== WHAT NEEDS TO BE DONE ==
Repeat the data below exactly, dropping any pictures it holds.

== DATASET EXTRACT ==
_ _ _ _ _
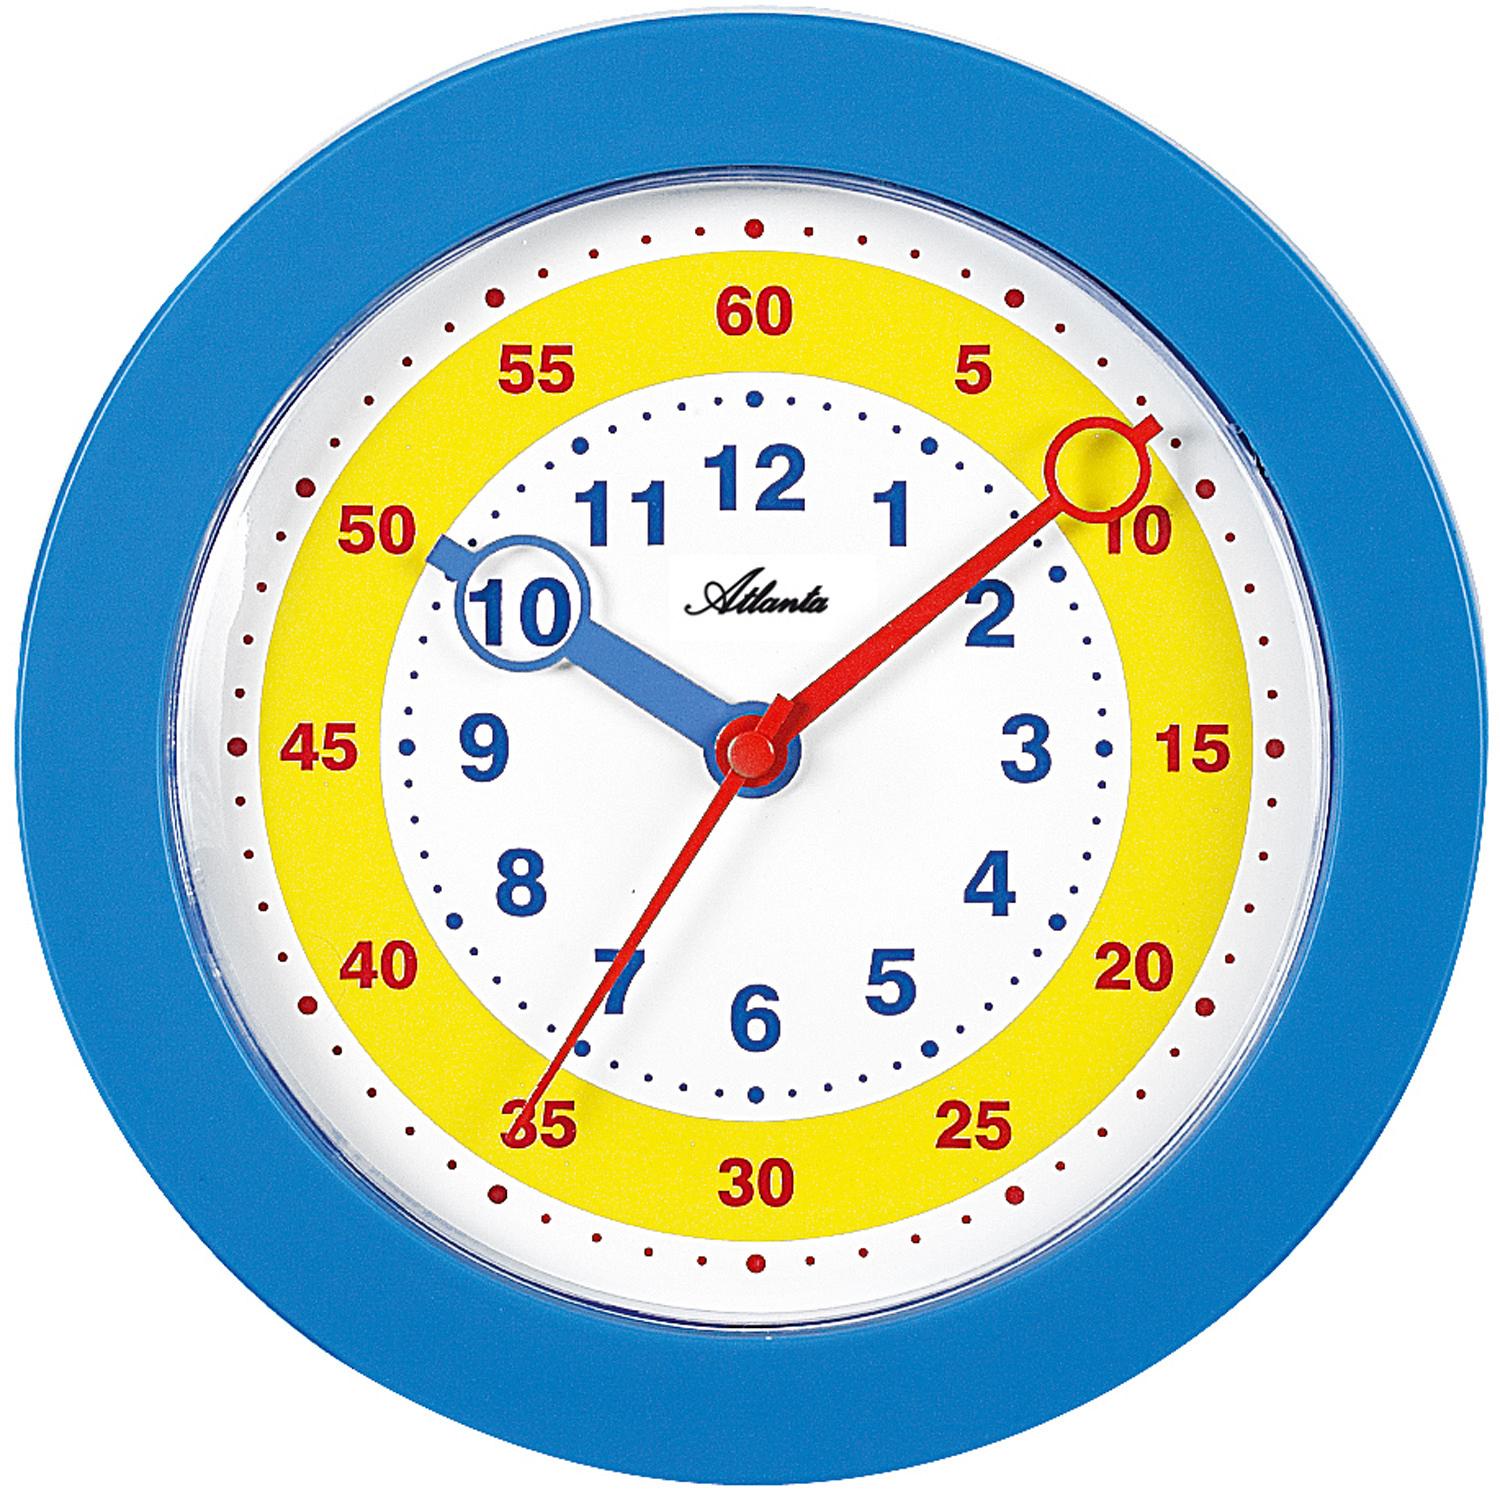 Циферблат детских часов. Часы циферблат для детей. Часы обучающие для детей. Часы с минутами для детей. Модель часов для детей.
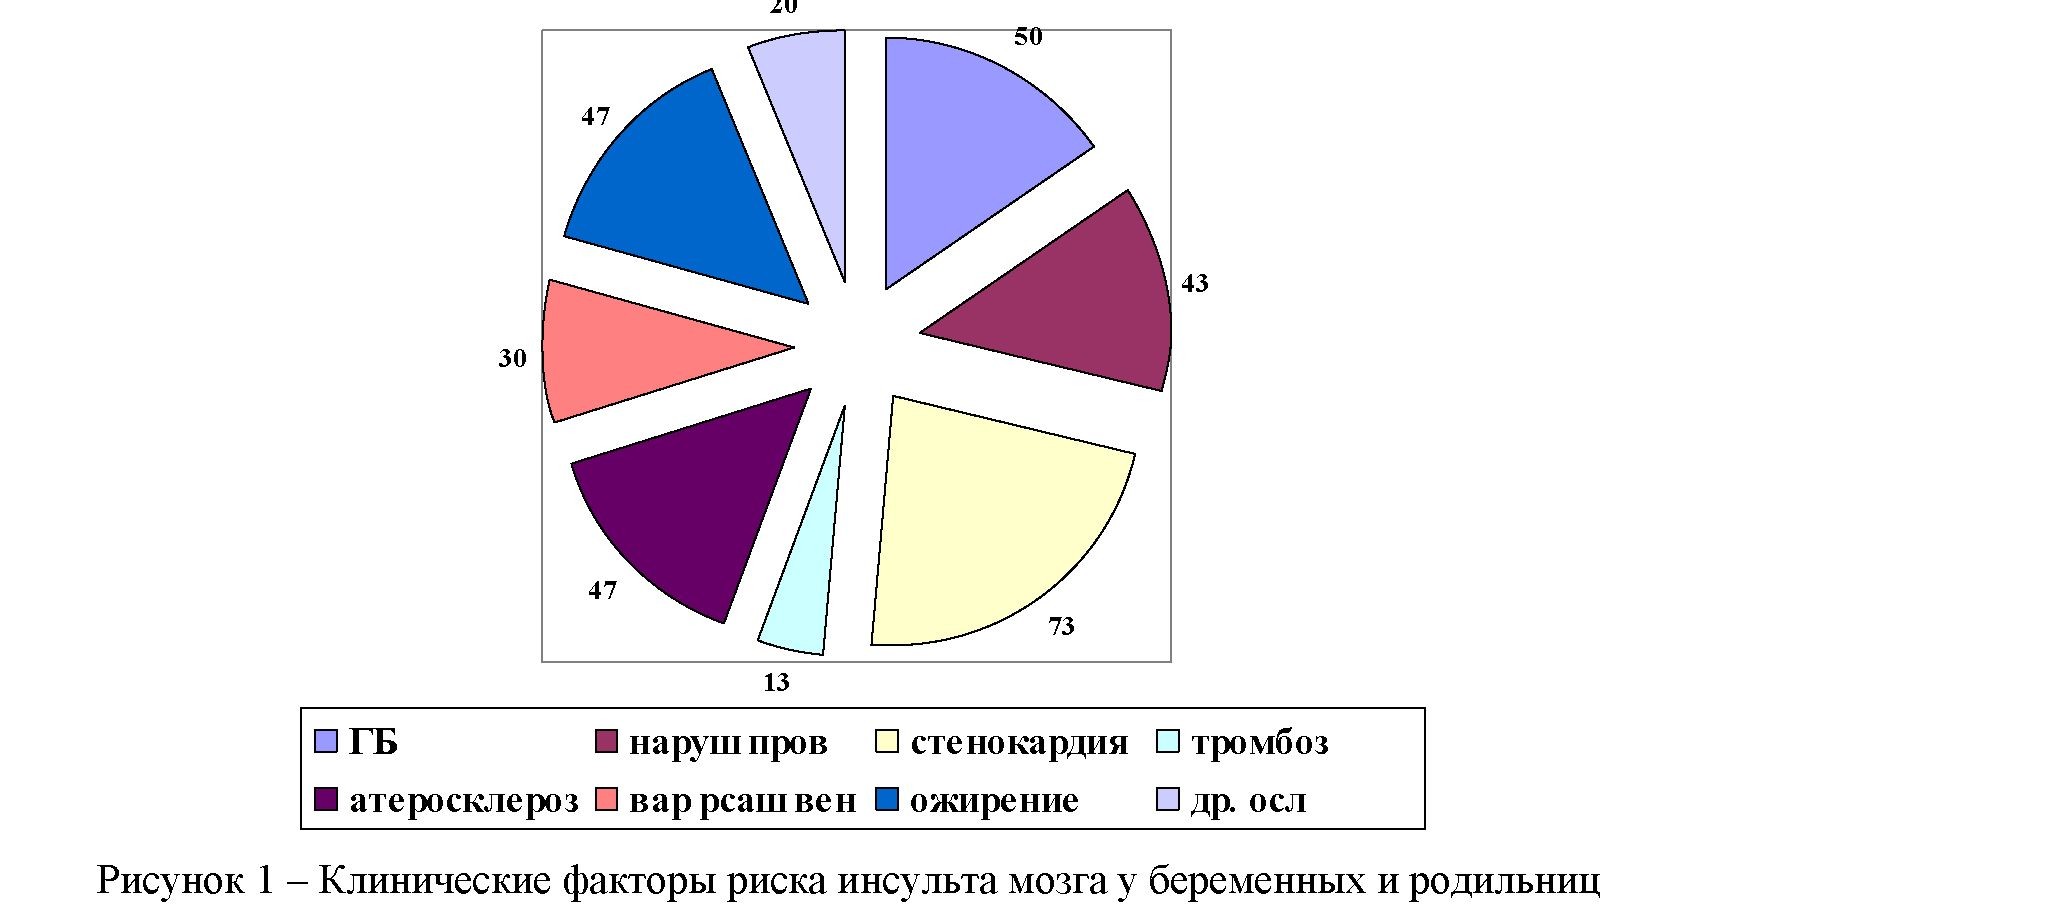 Распространенность факторов риска инсульта мозга у беременных и родильниц южно-казахстанской области
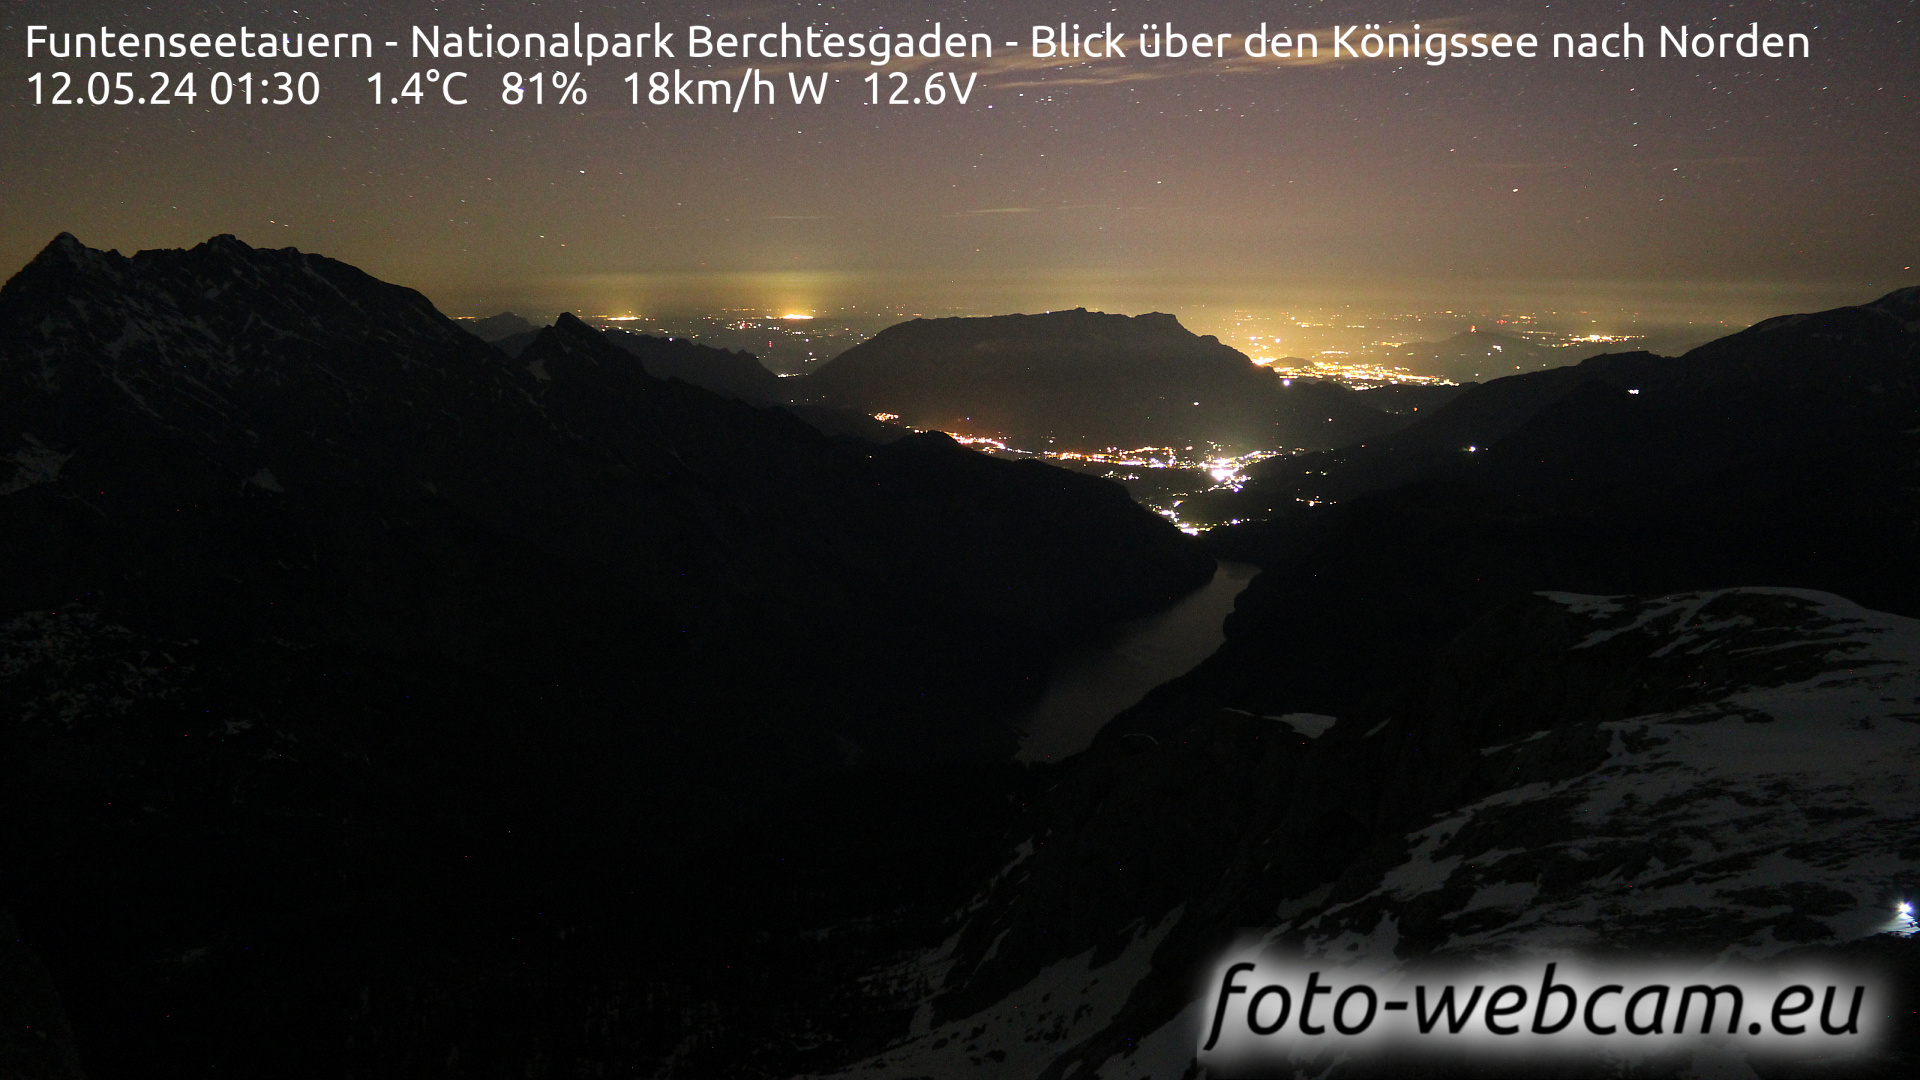 Berchtesgaden Tor. 01:48
_ _ _ _ _
== RESPONSE ==
 Циферблат детских часов. Часы циферблат для детей. Часы обучающие для детей. Часы с минутами для детей. Модель часов для детей.
 Распространенность факторов риска инсульта мозга у беременных и родильниц южно-казахстанской области
 Berchtesgaden Tor. 01:48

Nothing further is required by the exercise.